If BPS can find no use for the buildings, the city would then have the option to convert them into community-oriented spaces. Only if the city can find no use for the buildings would they be up for lease by a charter school, McGuire said.

The compact was developed independently from the Redesign and Reinvest Plan, which is responsible for the closure of eight schools besides the Agassiz, he added.

“No matter what was going on, we would have to close some buildings…We’ve had extra capacity in BPS for a long time. Every year, we were spending money to keep those buildings open,” McGuire said. “Each of these things would have happened independently.”

“Many people feel that the compact is so vague that it is just a cover for the school department to lease the buildings and save face,” Stutman told the Gazette last week. “People feel the department [BPS] has sold them out.”

City Councillor Matt O’Malley held a hearing on the school closures last month.

“I found it regretful that we didn’t have any more concrete answers” as to the future of the buildings, he said, and so chose to continue the meeting at a later, yet to be scheduled, date.

At other hearings, however, O’Malley had the chance to ask BPS Deputy Superintendent Michael Goar about the Agassiz’s future. Goar did not provide any answers, O’Malley told the Gazette.

“We need more forthright answers from the administration,” O’Malley said. “I want to keep holding all stakeholders accountable.”

O’Malley stressed, “the compact is just that, not a contract.”

“These charter schools do need space…I was given to understand that the Agassiz would be used as [BPS] swing space,” O’Malley said.

Since the compact’s announcement, many people are speculating as to the MATCH School’s interest in the soon-to-be available Agassiz building, Stutman said.

“The Agassiz is going to the MATCH school, most likely…It’s prime property,” Stutman said. “Nine out of 10 people at the Agassiz feel like MATCH is moving in.”

But MATCH Executive Director Alan Safran told the Gazette, “I can completely shoot that down…I have not had one moment of conversation or thought about that.”

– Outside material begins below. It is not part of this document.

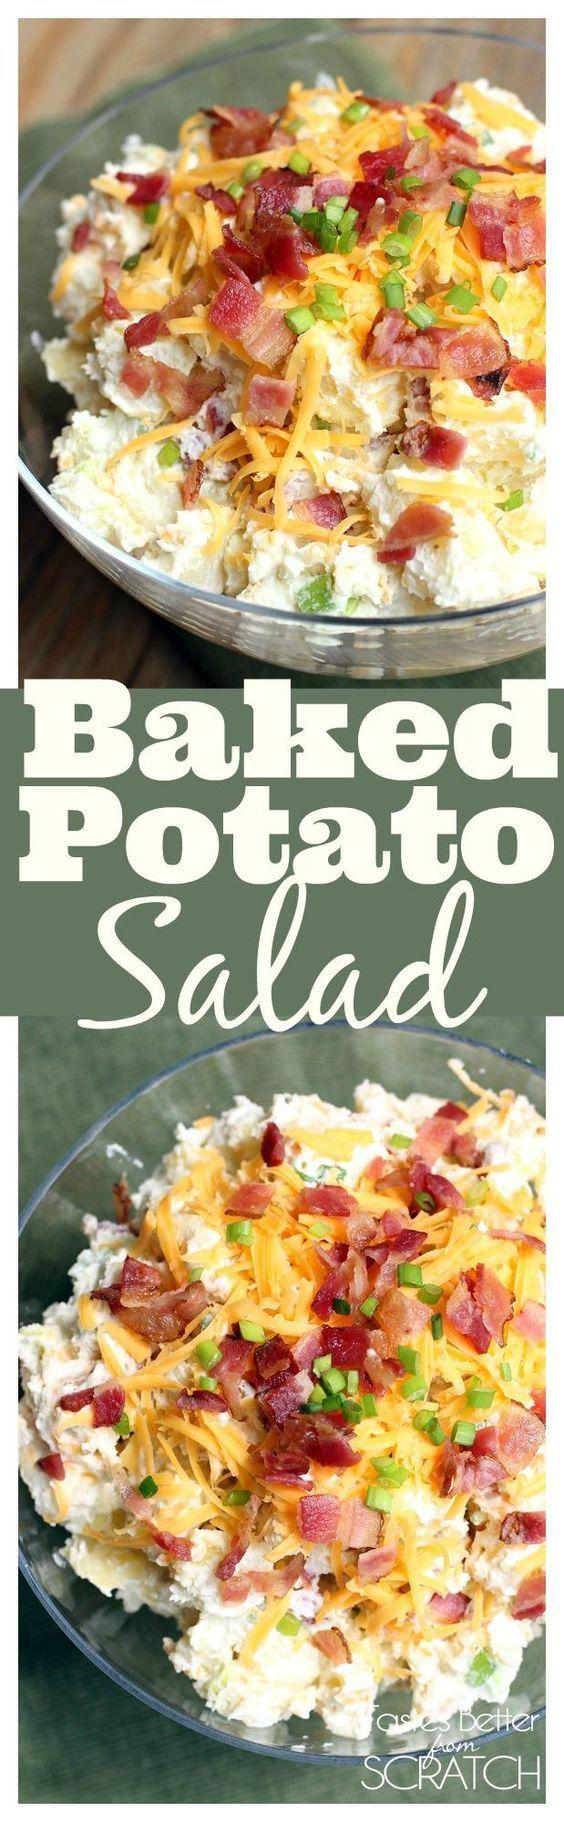 Baked Potato Salad from TastesBetterFromScratch.com

The MATCH middle school has been located at the former St. Andrews Parish School at 86 Wachusett St. since August 2008. According to the MATCH website, the school was planned to occupy the site for two to three years before it found a permanent home. Safran said the school will remain on Wachusett Street through 2012, but he added that he is looking for a new home for the school.

“More charter schools are coming online in the future,” McGuire said. “This compact is about setting down some ground rules before all that.”

Charter schools are often accused of cherry-picking their students for their grade-point averages and test scores and sending special-needs or English-learner students to BPS.

One of the charter schools’ commitments in the compact would be to “[serve] all students, emphasizing outreach and services for underserved populations”—theoretically, to accept more special-needs students.

“The language in the compact says that [the charter schools] will try to do it. But, if they can’t take the special-needs students, the city will take them back. It’s convoluted,” Stutman said. “It suggests that the charter schools have no intention [of doing so].”

This is the first such agreement in New England and one of a handful in the country.

Community Center
The Agassiz is home to a city community center that was slated to close this year. It is currently hosting community programming that would normally take place in Curtis Hall on South Street. Due to renovations, Curtis Hall will remain closed until September or October.

After the school year ends in late June, community programming organized by the Boston Centers for Youth and Families (BCYF) will move to the Hennigan Community Center, at 200 Heath St.

“We’ll have more space there,” said Diane Joyce, BCYF director of programming. “Our regular programming will go back to Curtis Hall once it re-opens in the fall.”